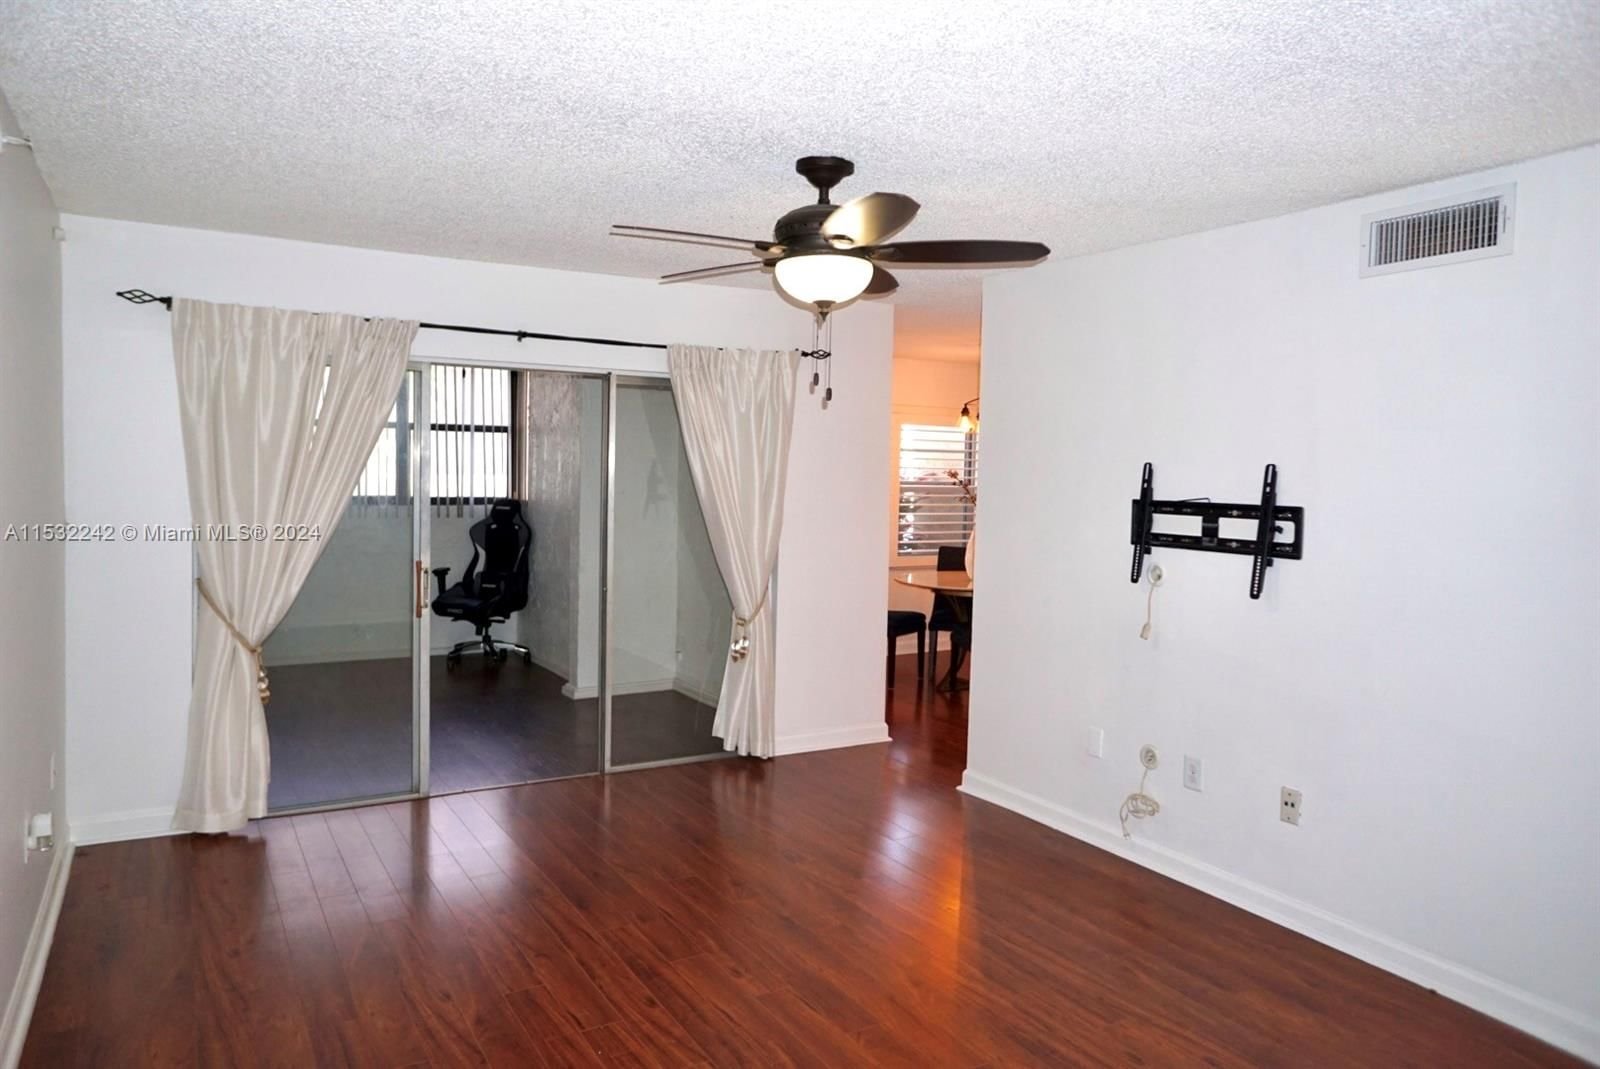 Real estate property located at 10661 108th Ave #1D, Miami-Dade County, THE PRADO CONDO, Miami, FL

--

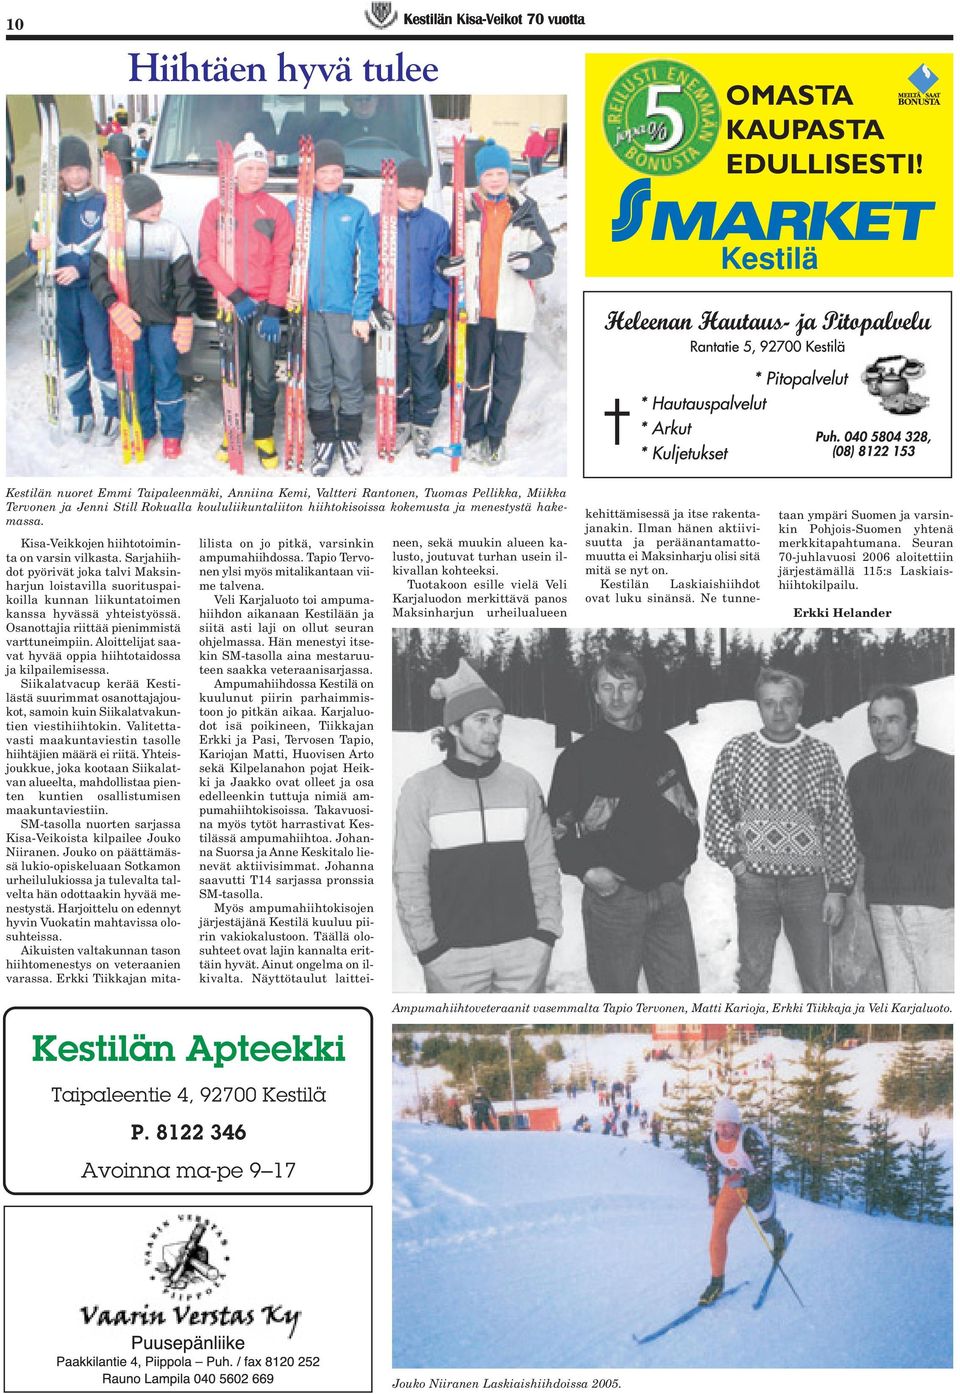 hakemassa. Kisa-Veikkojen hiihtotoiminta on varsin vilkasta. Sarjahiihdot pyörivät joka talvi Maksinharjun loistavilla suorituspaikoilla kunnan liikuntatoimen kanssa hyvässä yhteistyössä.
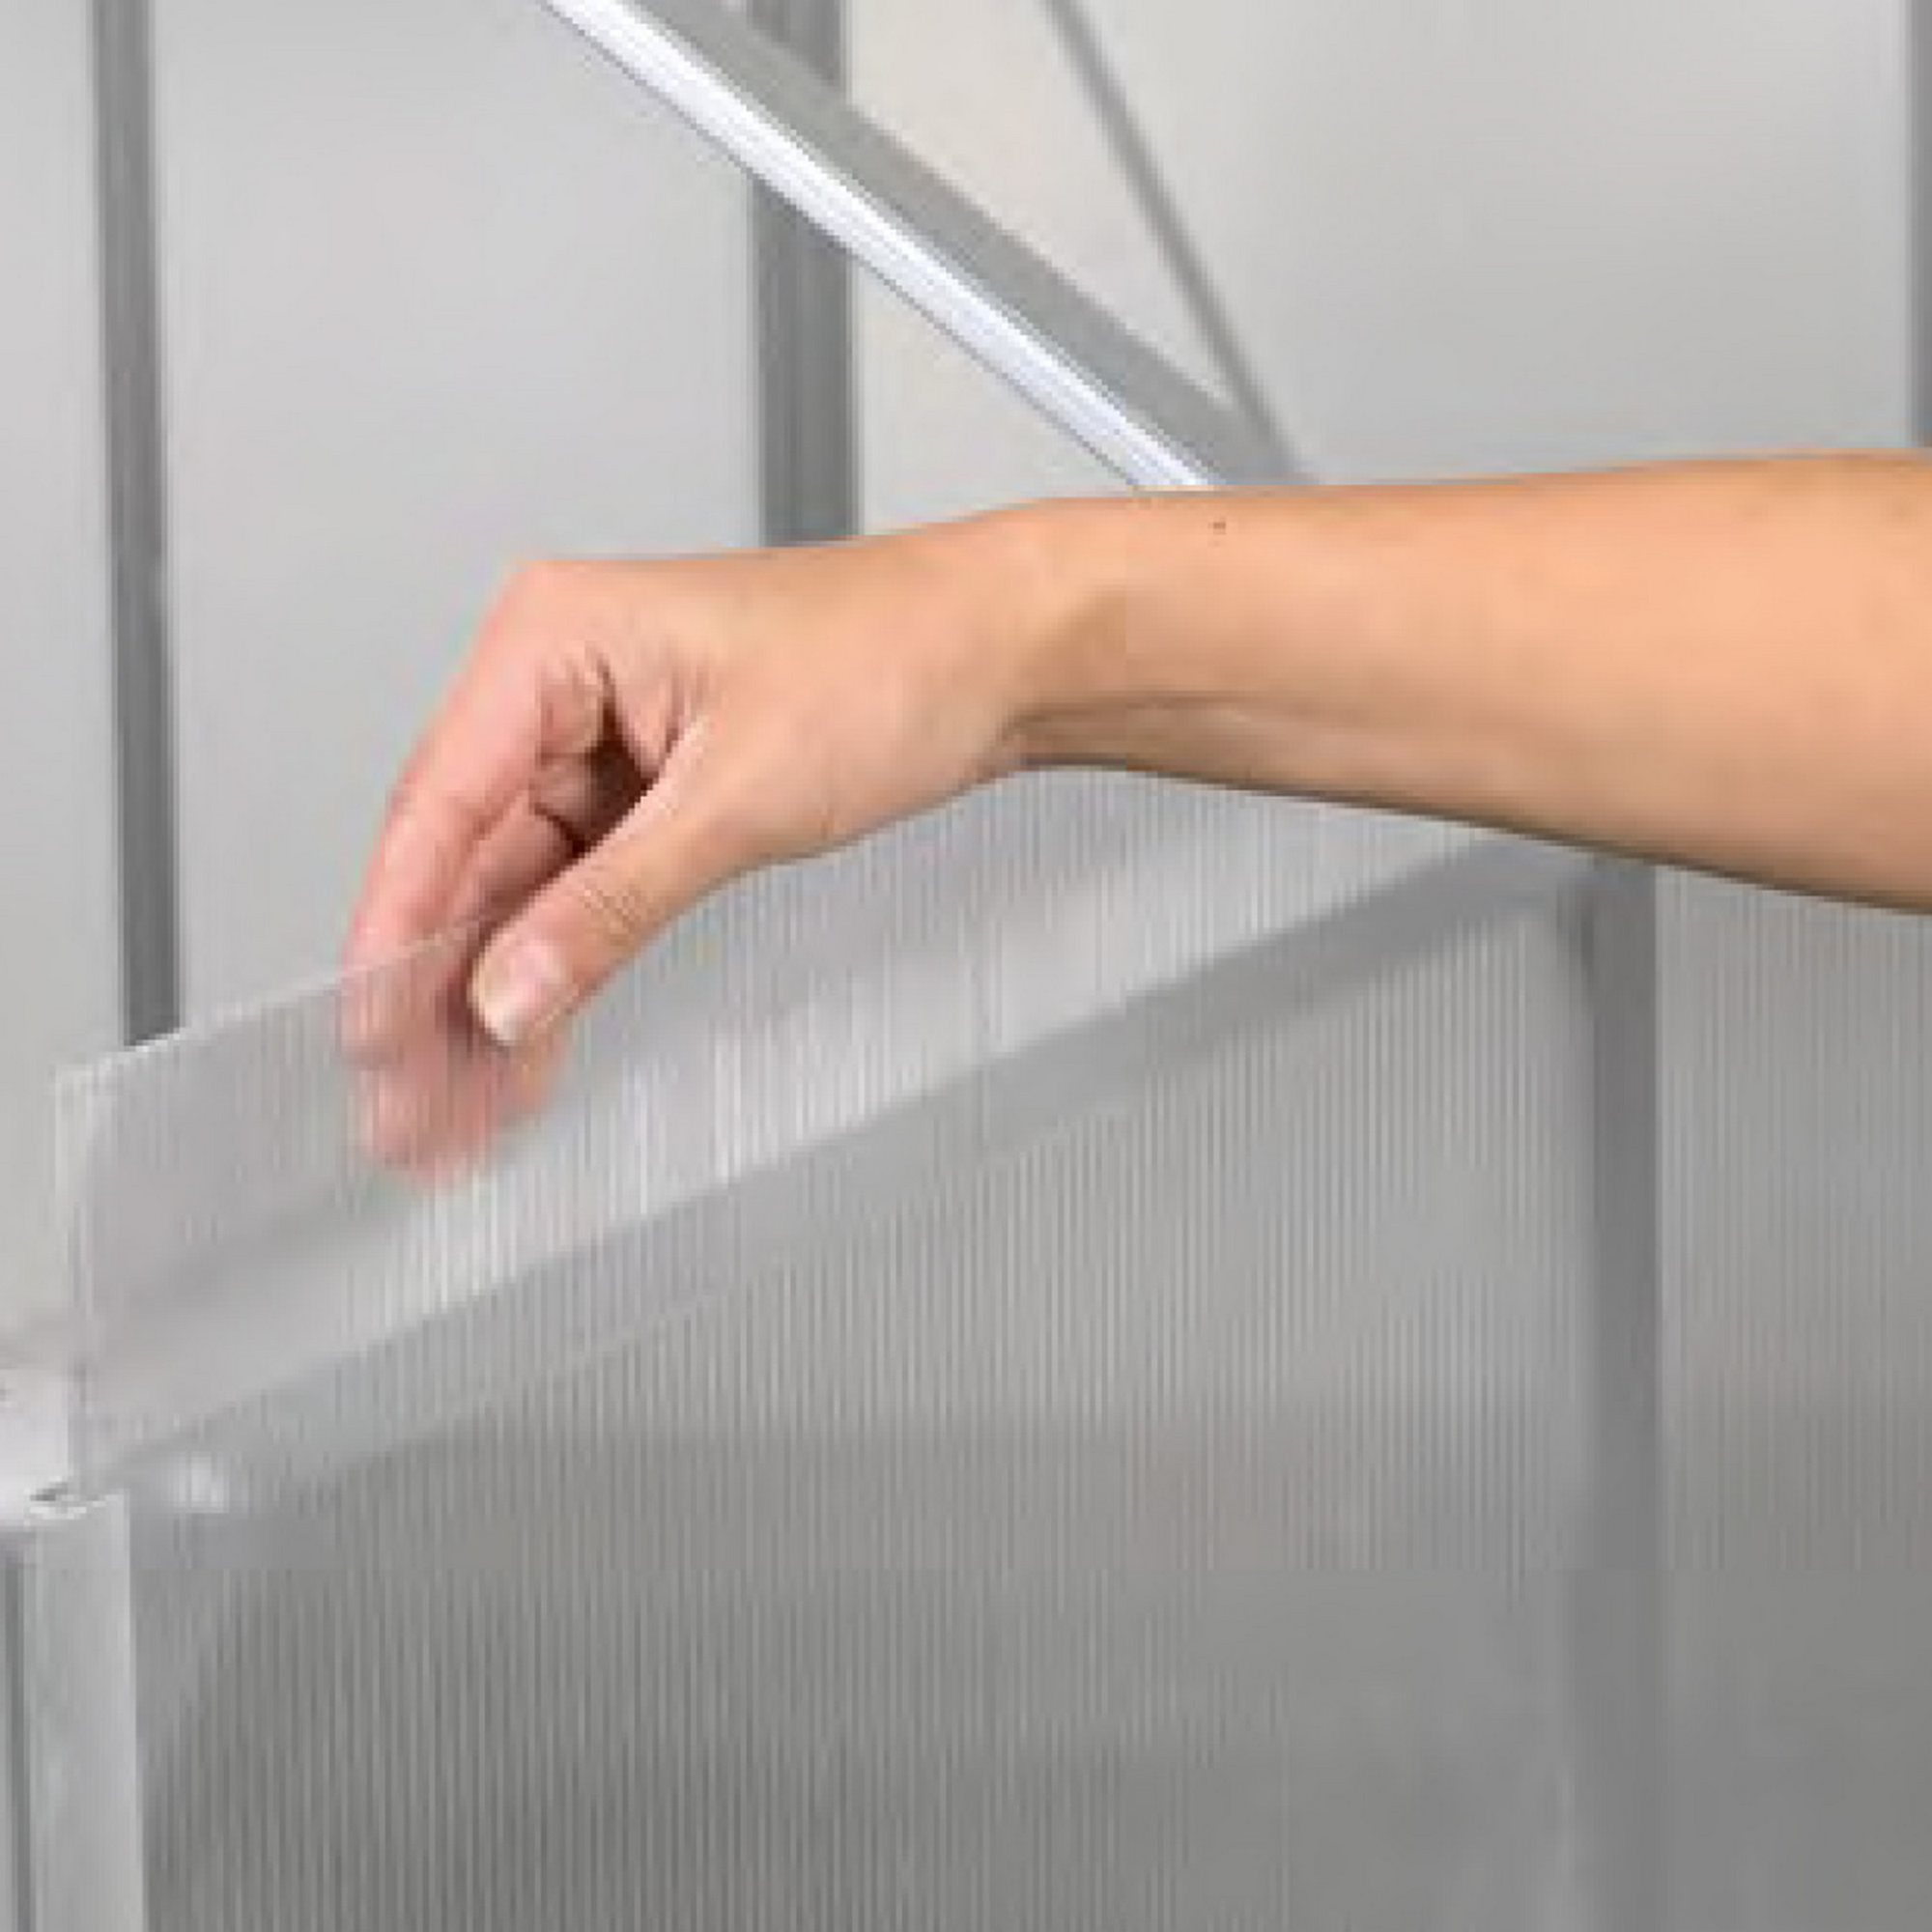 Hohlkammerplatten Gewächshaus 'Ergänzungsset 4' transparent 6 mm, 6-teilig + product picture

* Exercise description
Reproduce the listing above only between the lines holding "hakemassa. Kisa-Veikkojen hiihtotoiminta" and "Hohlkammerplatten Gewächshaus 'Ergänzungsset", inclusive. Every line must match exactly, and pictures are dropped.

* Solution to this exercise
 hakemassa. Kisa-Veikkojen hiihtotoiminta on varsin vilkasta. Sarjahiihdot pyörivät joka talvi Maksinharjun loistavilla suorituspaikoilla kunnan liikuntatoimen kanssa hyvässä yhteistyössä.
 Hohlkammerplatten Gewächshaus 'Ergänzungsset 4' transparent 6 mm, 6-teilig + product picture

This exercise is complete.